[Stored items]
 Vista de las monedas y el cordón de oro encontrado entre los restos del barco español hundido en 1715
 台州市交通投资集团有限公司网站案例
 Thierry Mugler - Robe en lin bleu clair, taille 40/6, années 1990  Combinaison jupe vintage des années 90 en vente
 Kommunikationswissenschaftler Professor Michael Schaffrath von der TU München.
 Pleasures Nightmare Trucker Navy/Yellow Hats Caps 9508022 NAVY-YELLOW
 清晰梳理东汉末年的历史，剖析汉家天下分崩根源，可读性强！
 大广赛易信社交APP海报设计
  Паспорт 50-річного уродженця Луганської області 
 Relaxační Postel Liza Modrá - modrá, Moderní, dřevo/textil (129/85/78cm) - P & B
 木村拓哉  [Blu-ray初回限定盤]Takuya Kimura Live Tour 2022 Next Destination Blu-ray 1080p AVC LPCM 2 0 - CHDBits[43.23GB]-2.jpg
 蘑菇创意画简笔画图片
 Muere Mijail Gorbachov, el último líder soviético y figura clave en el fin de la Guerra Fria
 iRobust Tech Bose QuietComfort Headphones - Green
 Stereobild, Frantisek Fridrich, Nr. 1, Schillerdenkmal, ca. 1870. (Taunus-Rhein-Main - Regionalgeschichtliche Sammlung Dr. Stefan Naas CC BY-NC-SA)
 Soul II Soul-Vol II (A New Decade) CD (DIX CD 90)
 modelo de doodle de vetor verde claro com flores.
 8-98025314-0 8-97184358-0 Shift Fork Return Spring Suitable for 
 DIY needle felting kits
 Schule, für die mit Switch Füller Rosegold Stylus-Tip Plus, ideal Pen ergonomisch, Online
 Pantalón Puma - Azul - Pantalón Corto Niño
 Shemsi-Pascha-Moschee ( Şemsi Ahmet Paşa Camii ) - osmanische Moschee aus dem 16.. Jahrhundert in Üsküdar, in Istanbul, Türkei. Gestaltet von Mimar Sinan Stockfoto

** Exercise directions **
Starting at the line that contains "Pleasures Nightmare Trucker" and stopping after the line that contains "iRobust Tech Bose", write out every line exactly as it appears above, and no other line.

** Written reply **
 Pleasures Nightmare Trucker Navy/Yellow Hats Caps 9508022 NAVY-YELLOW
 清晰梳理东汉末年的历史，剖析汉家天下分崩根源，可读性强！
 大广赛易信社交APP海报设计
  Паспорт 50-річного уродженця Луганської області 
 Relaxační Postel Liza Modrá - modrá, Moderní, dřevo/textil (129/85/78cm) - P & B
 木村拓哉  [Blu-ray初回限定盤]Takuya Kimura Live Tour 2022 Next Destination Blu-ray 1080p AVC LPCM 2 0 - CHDBits[43.23GB]-2.jpg
 蘑菇创意画简笔画图片
 Muere Mijail Gorbachov, el último líder soviético y figura clave en el fin de la Guerra Fria
 iRobust Tech Bose QuietComfort Headphones - Green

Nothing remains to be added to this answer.